Extracted Data Analysis

The data obtained from the individual flow cytometry samples was further scrutinized using a meta-analysis technique for several samples in order to infer differences resulting from different chemical treatments. The optimum effects were observed after a 15-minute endpoint by measuring at points throughout the time course. From this analysis, 1% collagenase and pronase as well as 1% collagenase and hyaluronidase can be seen to be the most successful media for dissociating the tissues, as evidenced by their higher dissociated cell counts (Figs. 5, 6) and percent dissociation (Fig. 6).

Figure 5.

Figure 5

Efficacy of different chemical dissociation protocols as evidenced by the unadjusted total flow cytometry counts at the final, 15 minute timepoint. The total counts of cells the flow cytometer evidence the comparative efficacy of each dissociation protocol for cellular dissociation of biopsy cores. Not all cells or particles are considered to be dissociated single cells within the target range, but the size gating system is effective at discerning this. N=10. P values: ** = 0.05, *** = 0.01.

Figure 6.

Figure 6

Efficacy of different chemical dissociation protocols at 5 minute intervals over a 15 minute time course. The analysis examines: (a) total cell counts, (b) single cell counts, (c) and dissociation efficacy (percent dissociation). The metrics were obtained by using established gating for target cells as well as size gating with particles of controlled size to establish upper and lower limits for single cells. Furthermore, percent dissociation was determined by using the calculated expected total number of cells from the tissue model. All A/B group comparisons were significant at a P value of 0.05 with the exception of 10X TrypLE and collagenase, significant at 0.1. N=10.

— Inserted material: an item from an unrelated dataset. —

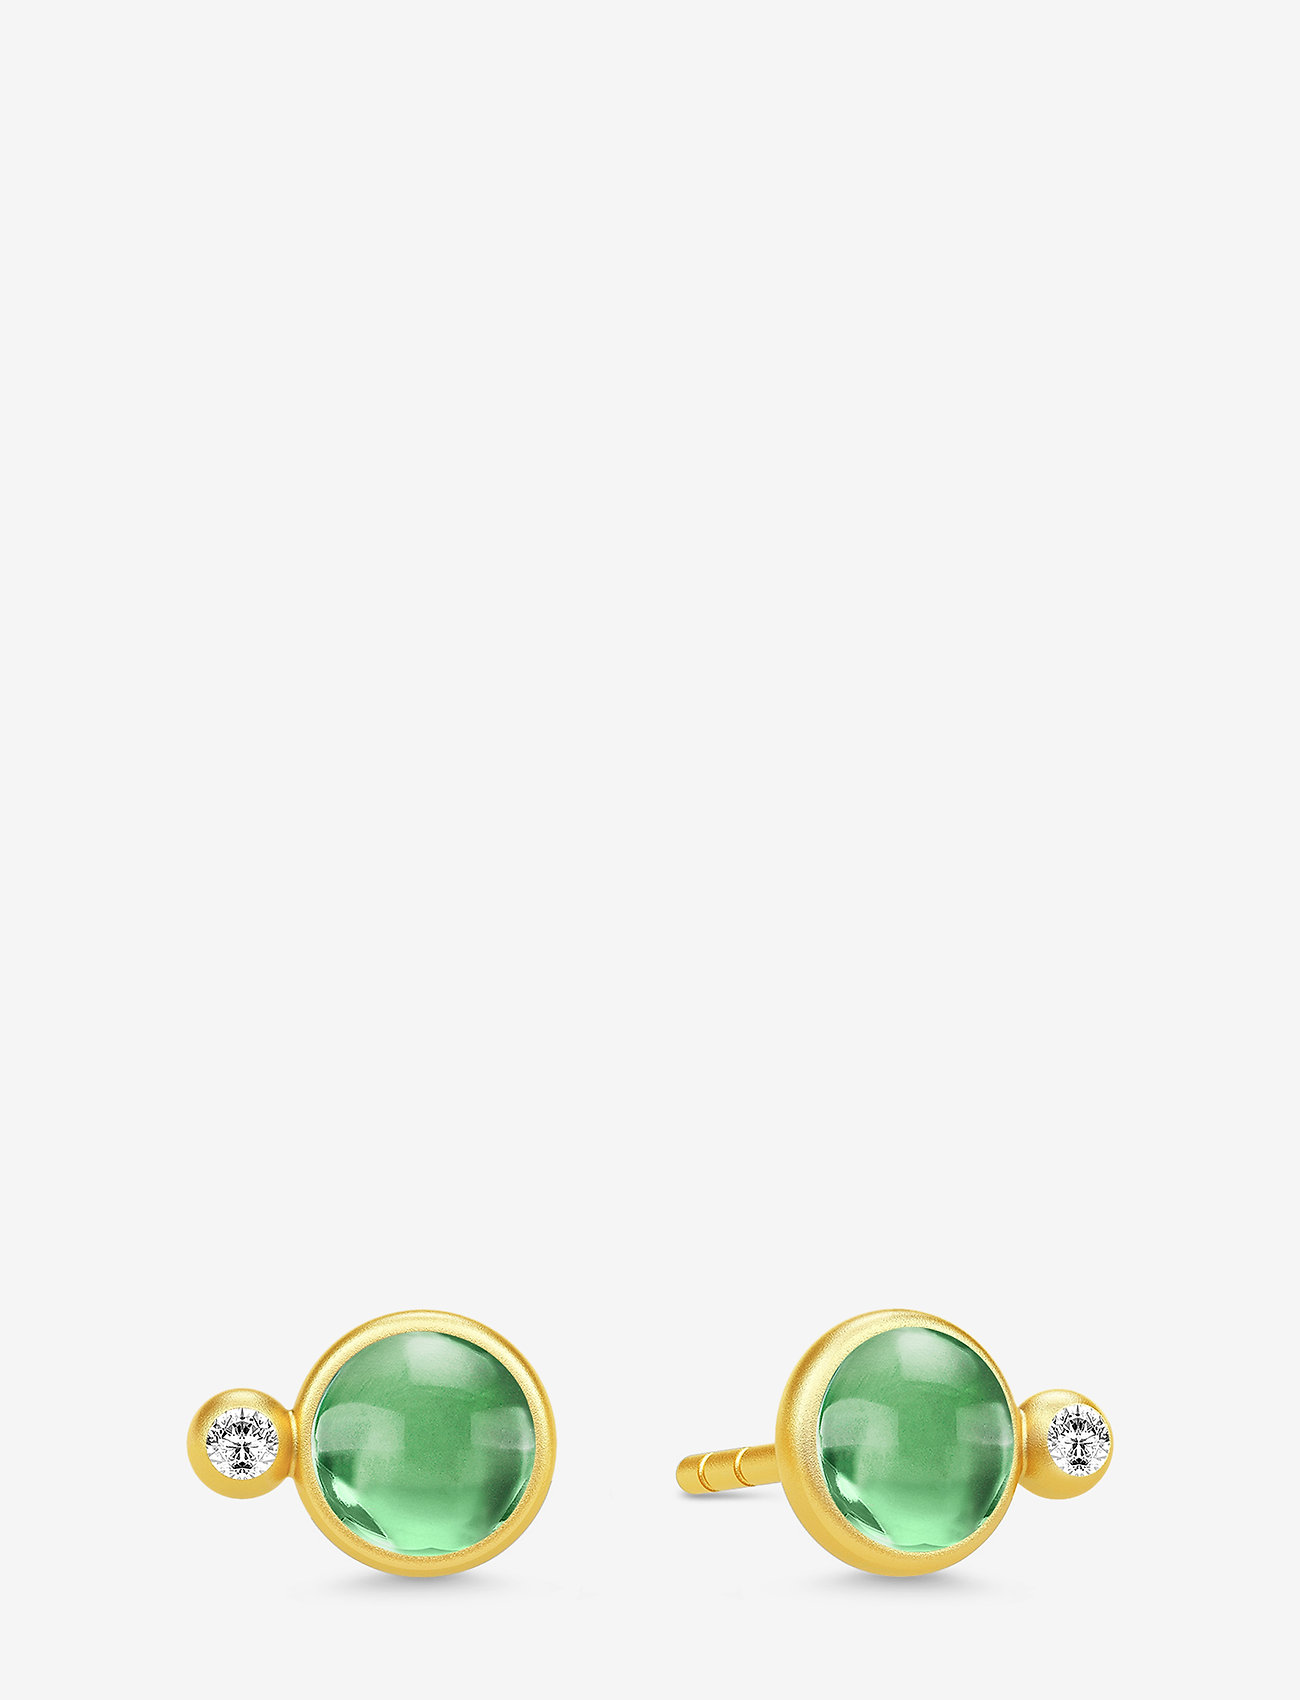 Julie Sandlau - Prime Earstuds - Gold/Green - studs - rhodium /clear - 0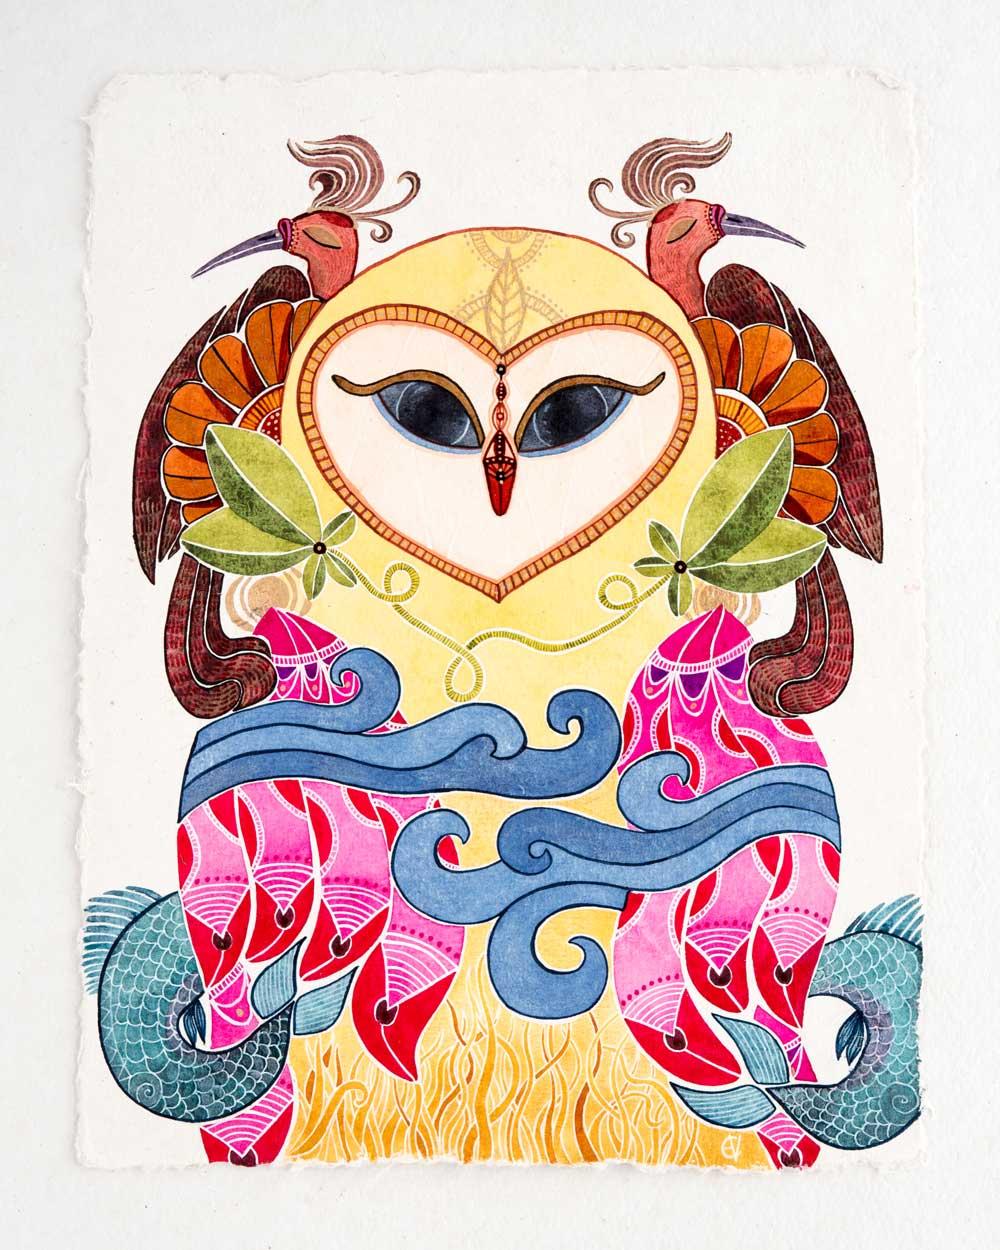 undersea_owl_fishtail_painting_eve_devore.jpg

It was also easy to observe that all of the collagenase-based dissociation media is significantly more effective in the dissociation of bovine liver tissue. This is contrary to the results produced by other studies, which use in vivo tissues as a model, and often find that trypsin-EDTA based reagents, including TrypLE, are the most effective for dissociating these tissues. 9

The effects of the various chemical reagents were later analyzed over 5-minute intervals from 0-15 min in order to gain an understanding of the kinetic profile for the dissociation process and inter-chemical differences. This multi-part analysis examined total particle count, cell count, number of single cells, and number of target cells (Figs. 6, 7). Throughout the analysis, collagenase-based reagents continued to outperform trypsin-based reagents, including the highly concentrated 10X TrypLE reagent.

Figure 7.

Figure 7

Added mechanical force increases tissue dissociation over time. The mechanical force that was used was the optimum orbital plate shaking condition, as predicted by theoretical calculations and physical modeling. The results are statistically significant with a P value = 0.05 at 5 min and 0.01 at 10 and 15 min. N=10

Percent dissociation of the tissue to single cells was also examined, and all of the treatments were relatively effective in single cell dissociation when compared to the control, EDTA. While the control dissociation of single cells when compared to cell aggregates was around 40%, it was found that the addition of active dissociative agents helped to increase this to above 80% in most cases. Interestingly, trypsin-based reagents were found to be slightly more successful for dissociating cell clumps into single cells when compared to collagenase-based reagents in these results. This suggests that, while collagenase is significantly more effective for breaking up the biopsy core into suspension, later treatment with trypsin-based reagent could help to further dissociate individual cells.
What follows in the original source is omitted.